A premature ceasefire in Gaza also would defy the hard lessons of history. War is always a tragedy but sometimes a necessity to avert greater moral and geopolitical evil. Typically, the most just and durable peace settlements have occurred when wars have decisive outcomes. Conversely, stopping the fighting too soon often increases the cost and risks of war later. These hard lessons runs counter to the trend in progressive circles to consider forbearance and restraint in the employment of force virtues for their own sake. Democracies fighting against implacable foes must err on the side of decisiveness rather than settle for an ambiguous outcome.

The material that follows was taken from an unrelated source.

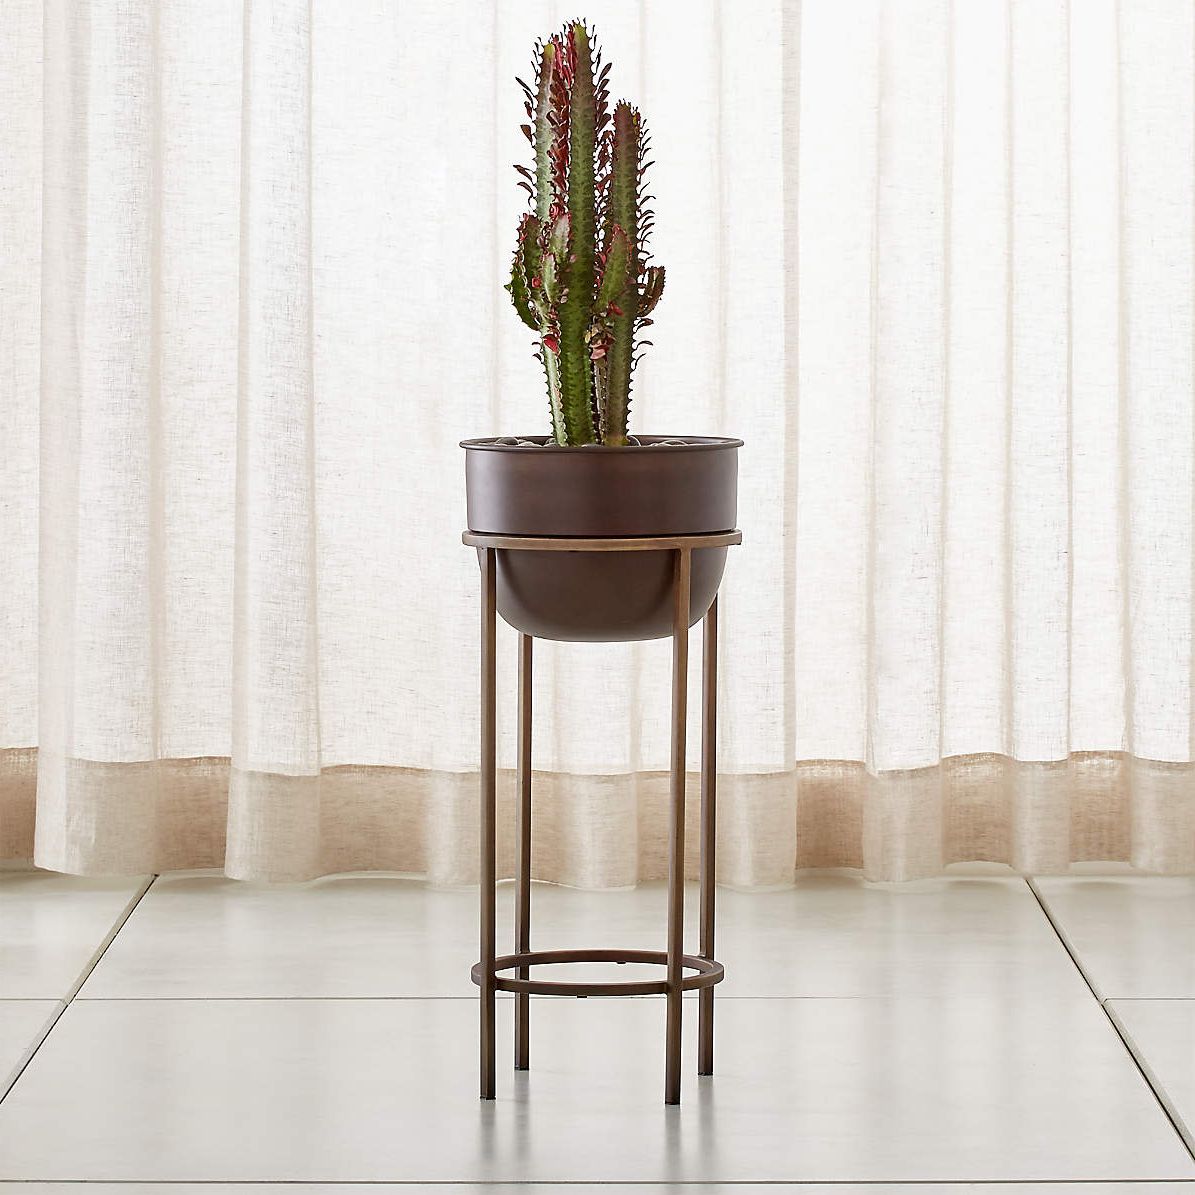 Crate & Barrel In Most Recently Released Medium Plant Stands (View 4 of 10)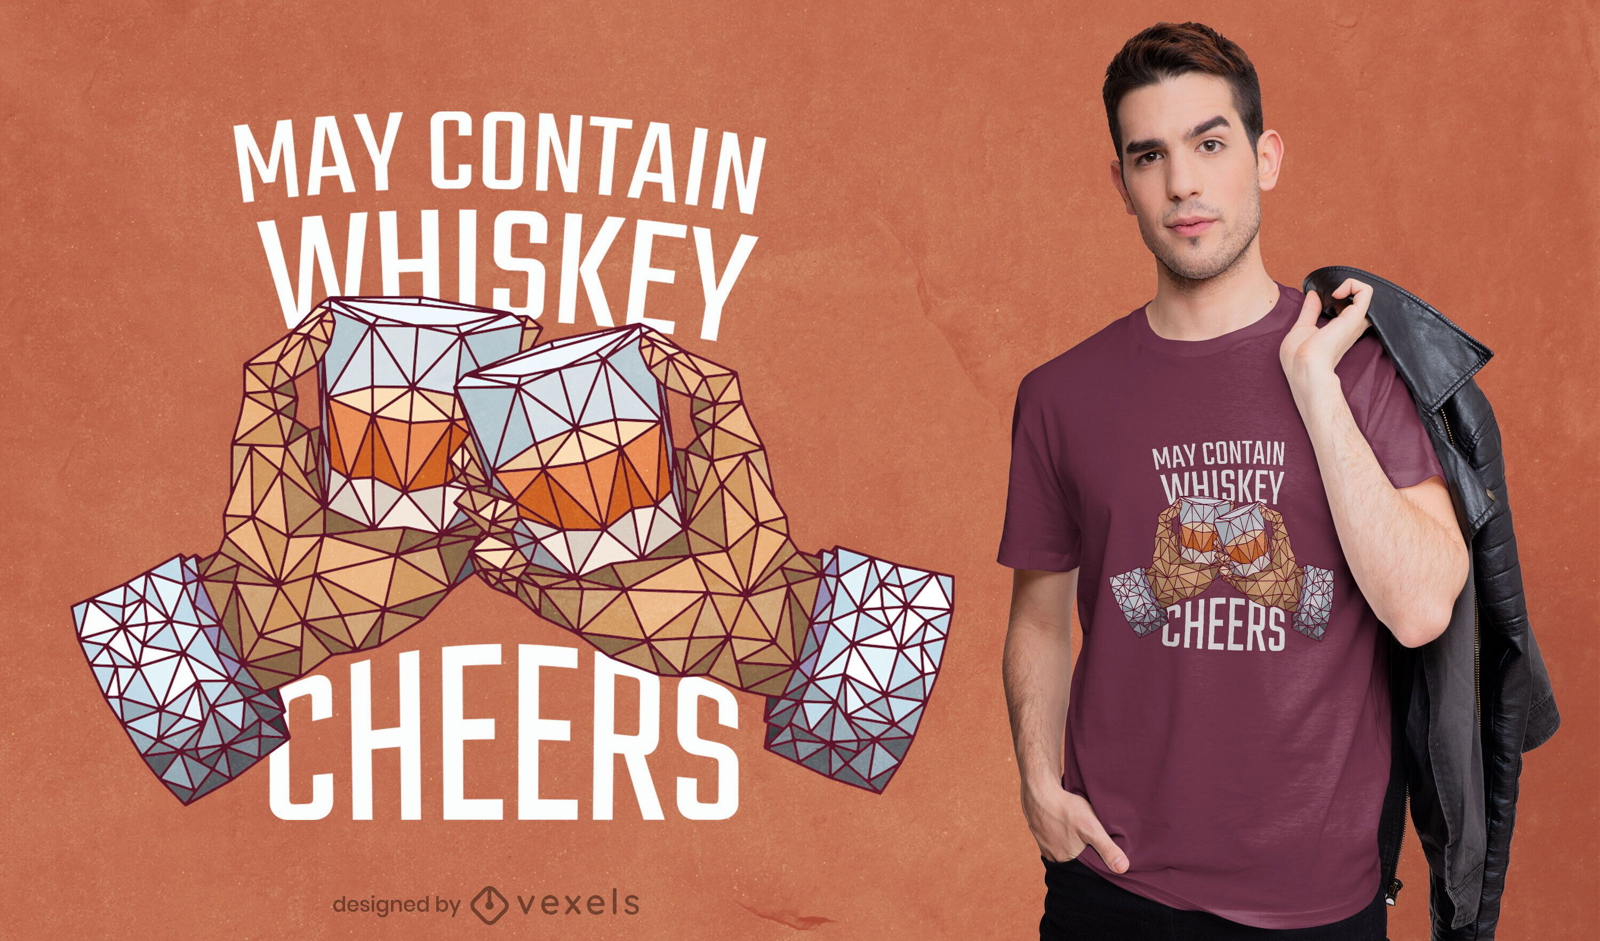 May contain whiskey t-shirt design

Consider World War I. Although German generals knew they were beaten, it did not appear to the German people that defeat was either inevitable or imminent in 1918 as the German army retreated in good order and German territory remained unscathed. So a Germany unreconciled to defeat tried again. Instead of the war to end all wars that President Wilson promised, World War I became merely a prelude to the most destructive war ever. President Franklin Roosevelt and Winston Churchill avoided the same mistake in World War II, settling for nothing less than the unconditional surrender and total defeat of the Nazi regime. No World War III involving the Germans ensued. Similarly, the Second Iraq War of 2003 occurred partly because of the indecisive outcome for the first Iraq War of 1990 when Saddam construed his survival as a victory.